Friday, August 05, 2005

Facts about Tax

Many people don't know the difference between tax rates and tax revenues. It is a simple concept, really. Other people don't care; they just want to punish the wealthy for having more than they do. The result in any case is confusion, sometimes at a high level in government, such as in Congress.

Let's say you are selling apples. You charge five dollars an apple. Even though the apples are very good ones, you don't sell any at the rate of $5.00 each. Your revenues are zero dollars.

But then you visit a grocery store and see that the grocers are selling apples for one dollar a pound. That is about thirty-three cents each, (because the size is large and a pound amounts to three apples) . So you decide to lower the price of your apples some. You set a rate of one dollar each and you sell six to a few to people who are hungry but can't get to a grocery. Your rate is one dollar and your revenue from sales is six dollars.

Well, you don't want to stand outside and hawk apples for six dollars a day, so you decide to reduce prices even more. You price your apples at fifty cents each and you sell twenty the next day. Your revenue has rises to twenty times $.50 or ten dollars. You are beginning to get the idea that by lowering prices you can increase revenues. You don't pay your bills with rates, you pay them with revenues. So the next day you decide to compete with the grocery stores and charge thirty-three cents per apple and you sell fifty of them. Your revenues rise to fifty times $.33 or sixteen dollars and fifty cents. You are beginning to understand that the lower the price, the more apples you can sell, and the higher your revenues can grow. Of course, you realize that there are limits because you have to pay for the apples you sell, and you do not want to price them at a rate at which you will lose money. But for the moment you are quite happy with your discovery, called the classic supply curve.

There is a similar revenue situation with taxes. If a government taxes too highly (rates are 100%), commerce stops and tax revenue disappears. People will not work if they have to give the fruit of their labors to idiot congressmen. The economy stagnates. From that point, as a government reduces tax rates (same as lowering the price of apples) its revenues will probably increase. The economy will bloom again and people will be working overtime because they can keep most of what they earn.

There is a point at which lowering tax rates will not increase revenues and it differs for each economy. But we have not reached that point in the U.S. as far as we know. Each tax rate cut we have experienced has resulted in more revenues, the same as each reduction in apple prices results in more dollars received. Also there is evidence that tax increases have resulted in a poor economy and lower revenues. It works both ways.

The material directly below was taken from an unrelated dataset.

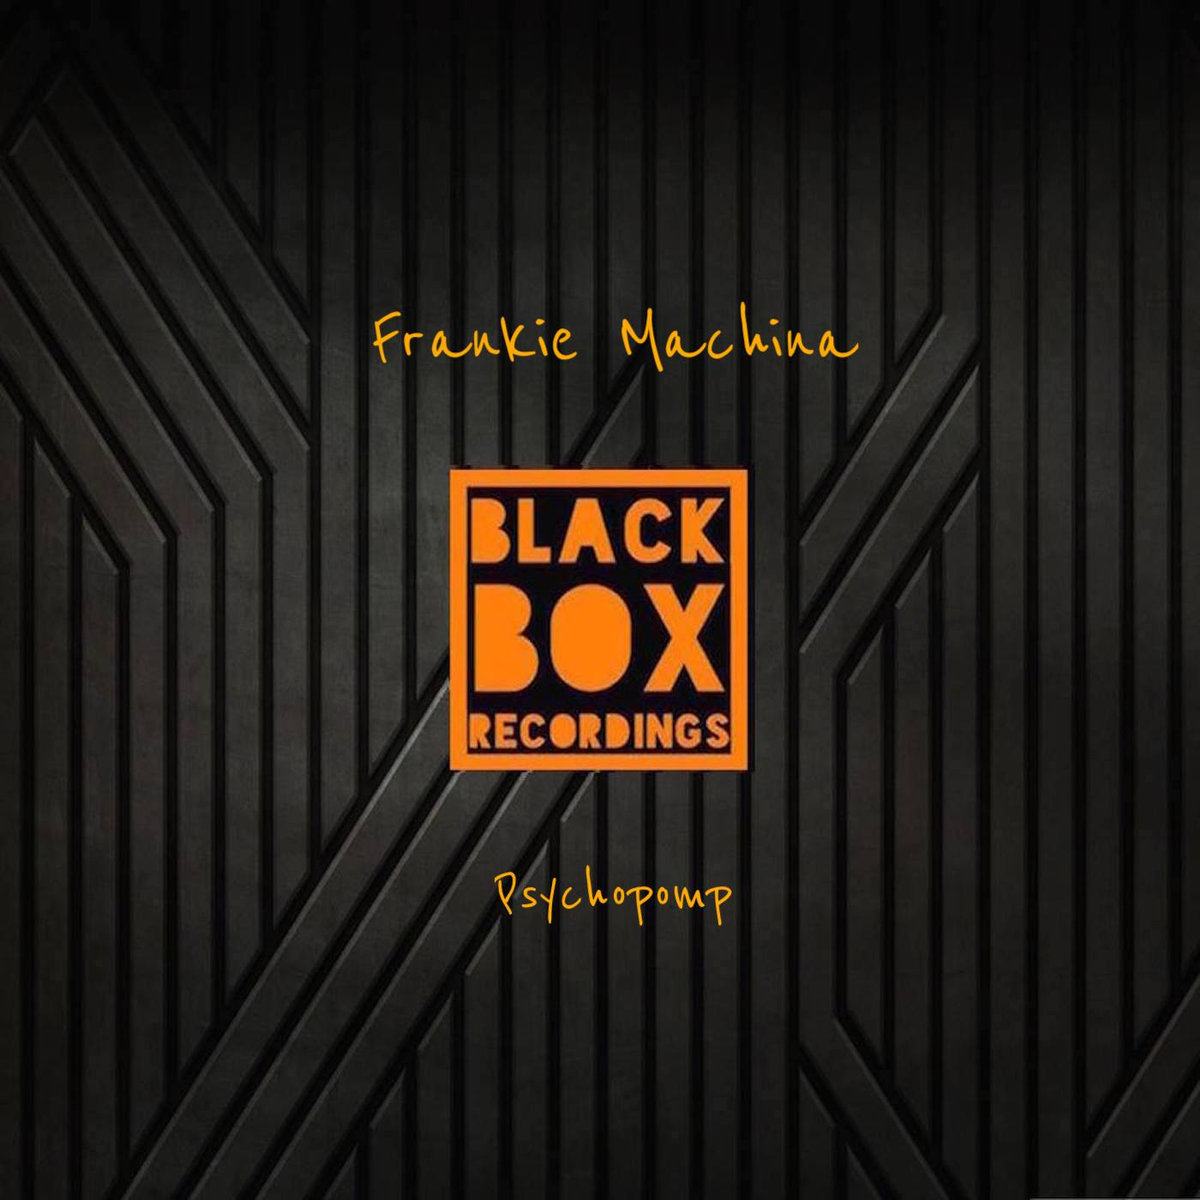 Forthcoming collection from Frankie Machina on Black Box Recordings, featuring a RoW remix

An exception happened once during the Clinton administration: a huge tax increase was followed by an increase in revenues. But in that case the economy was moving ahead and was able to swallow the increase and still grow, if at a reduced rate. No one knows how large the revenues could have been if the economy had been unfettered by the tax increase.

There are lots of reasons to "raise taxes on the rich" because it sounds good to the bulk of wage earners who are not rich (and who have not taken economics in school). But such moves are self-defeating, because when the economy suffers everybody suffers. yet Congress loves to increase taxes, always in the badly-based hope that they will raise revenues.

A conclusion can be drawn from this discussion that is already well-known by economists: If tax rates are reduced and revenues increase, the people are over- taxed.

It is incumbent on Congress to make sure not that "the rich are soaked" but that taxation is at a level such that a rate decrease results in a revenue decrease. Then the tax level is about right.

Of course Congress could control spending, but that is asking too much.